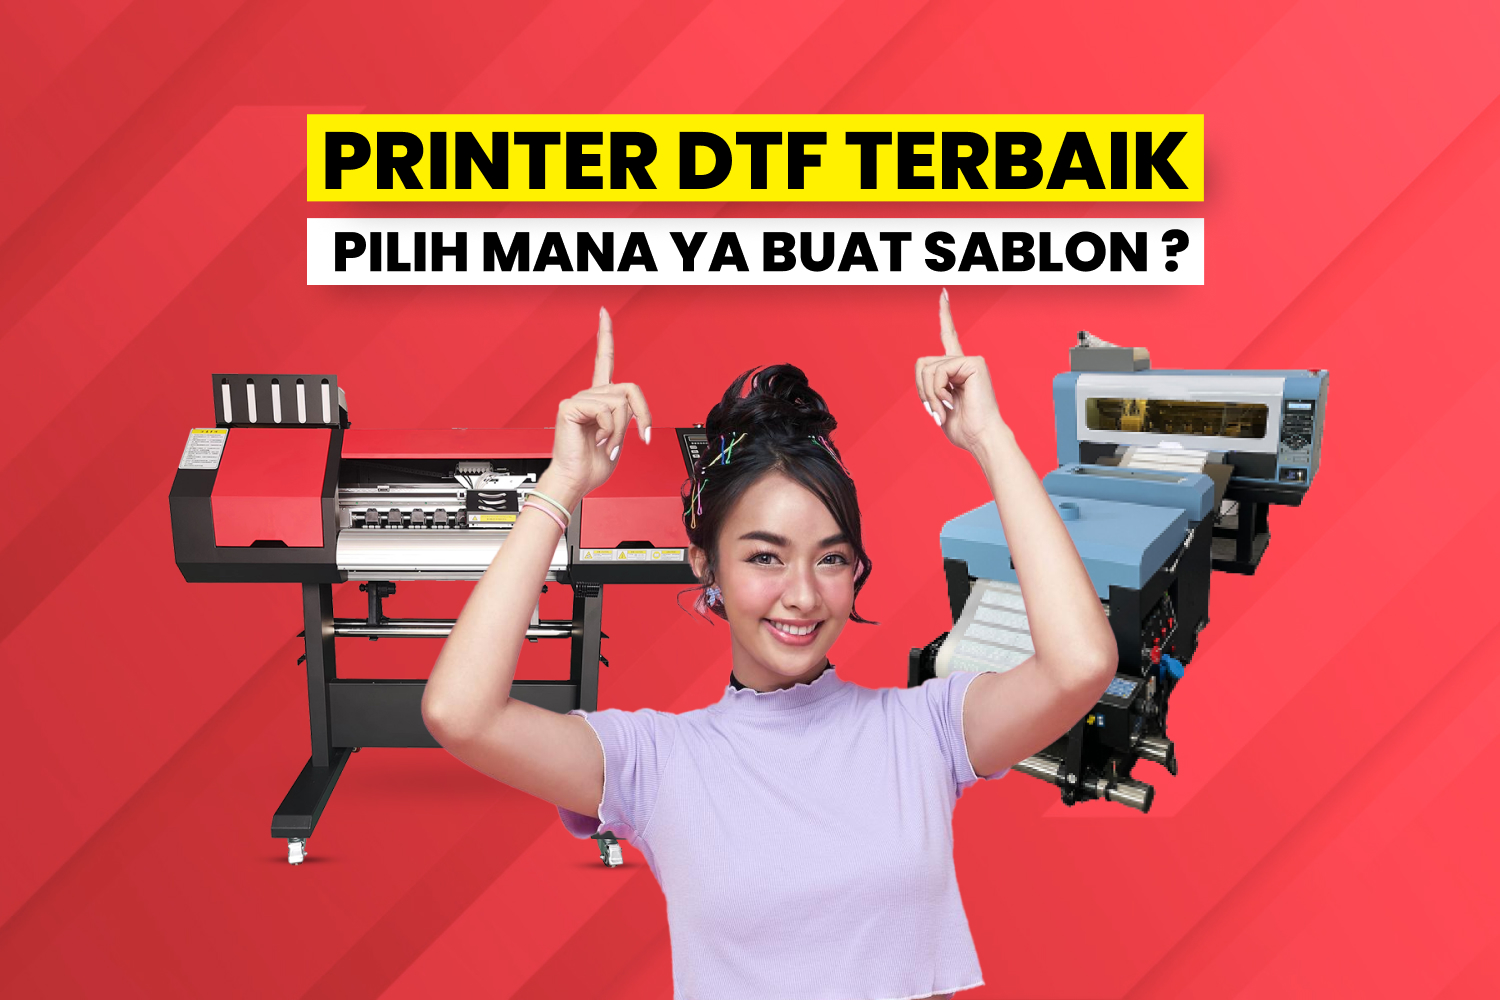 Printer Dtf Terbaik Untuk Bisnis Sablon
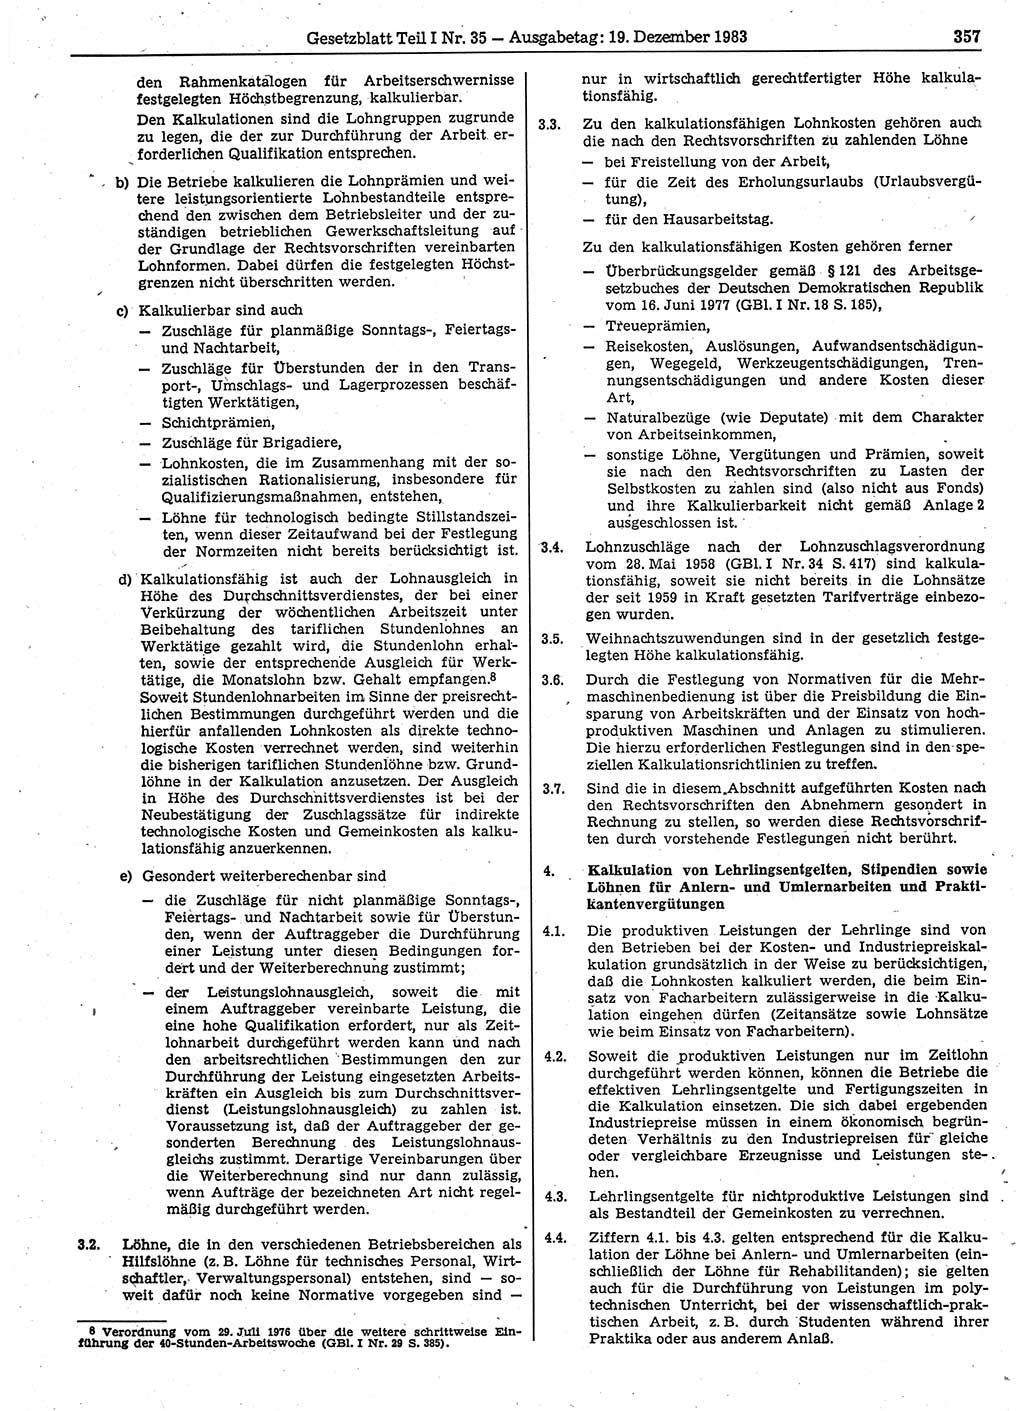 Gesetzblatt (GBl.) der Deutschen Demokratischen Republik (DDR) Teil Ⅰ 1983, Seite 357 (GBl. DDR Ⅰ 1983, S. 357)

* * *

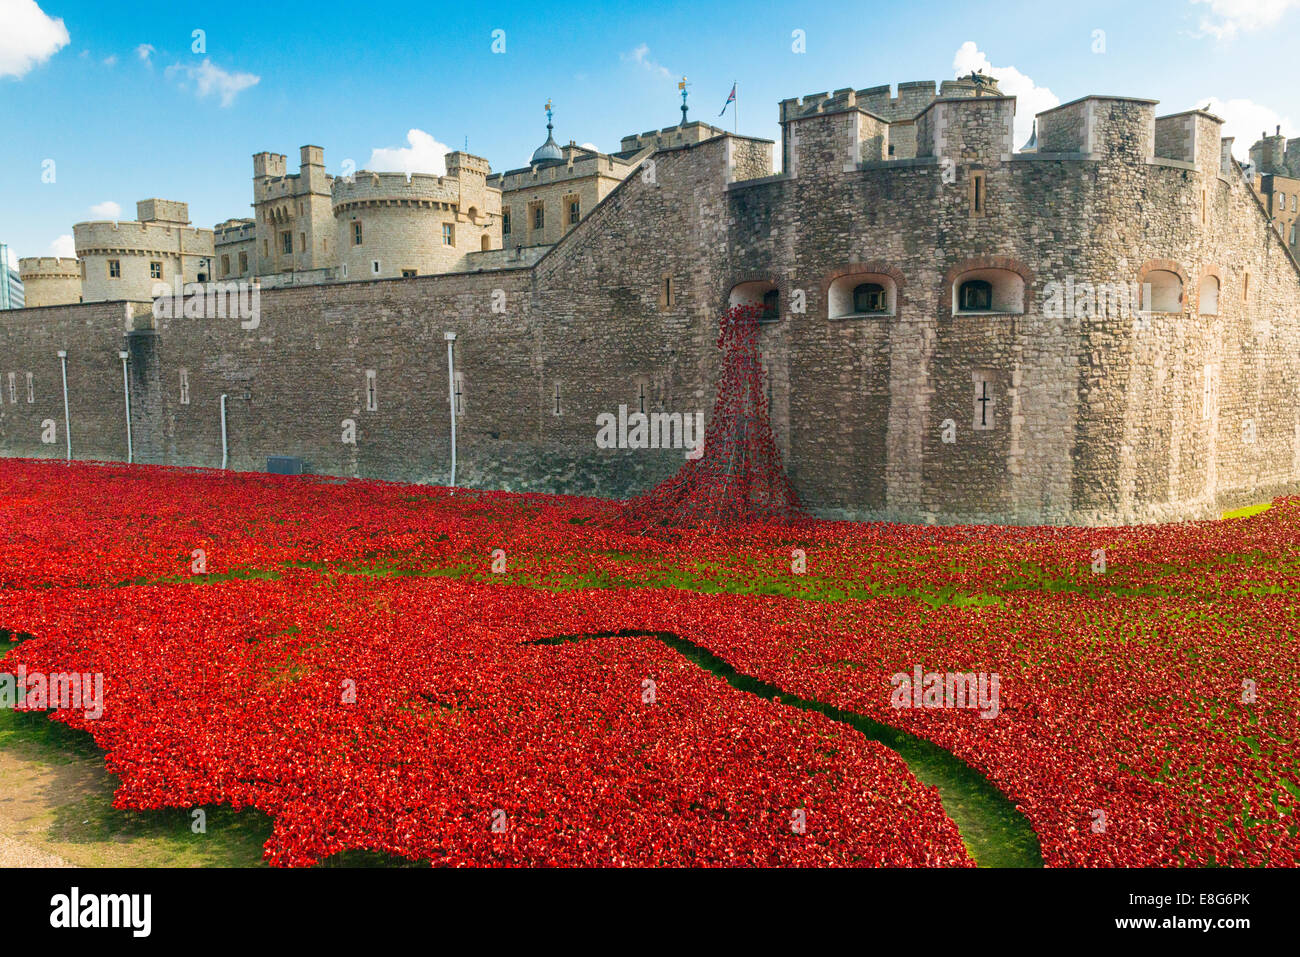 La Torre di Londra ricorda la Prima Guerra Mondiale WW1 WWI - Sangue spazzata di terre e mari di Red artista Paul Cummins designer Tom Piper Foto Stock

» **Your assignment**
What to print is the stretch of entries from the line with "Printer Dtf Terbaik Untuk Bisnis Sablon" up to and including the line with "Gesetzblatt (GBl.) der". Please print it exactly and leave out the pictures.

» **Solution**
 Printer Dtf Terbaik Untuk Bisnis Sablon
 Gesetzblatt (GBl.) der Deutschen Demokratischen Republik (DDR) Teil Ⅰ 1983, Seite 357 (GBl. DDR Ⅰ 1983, S. 357)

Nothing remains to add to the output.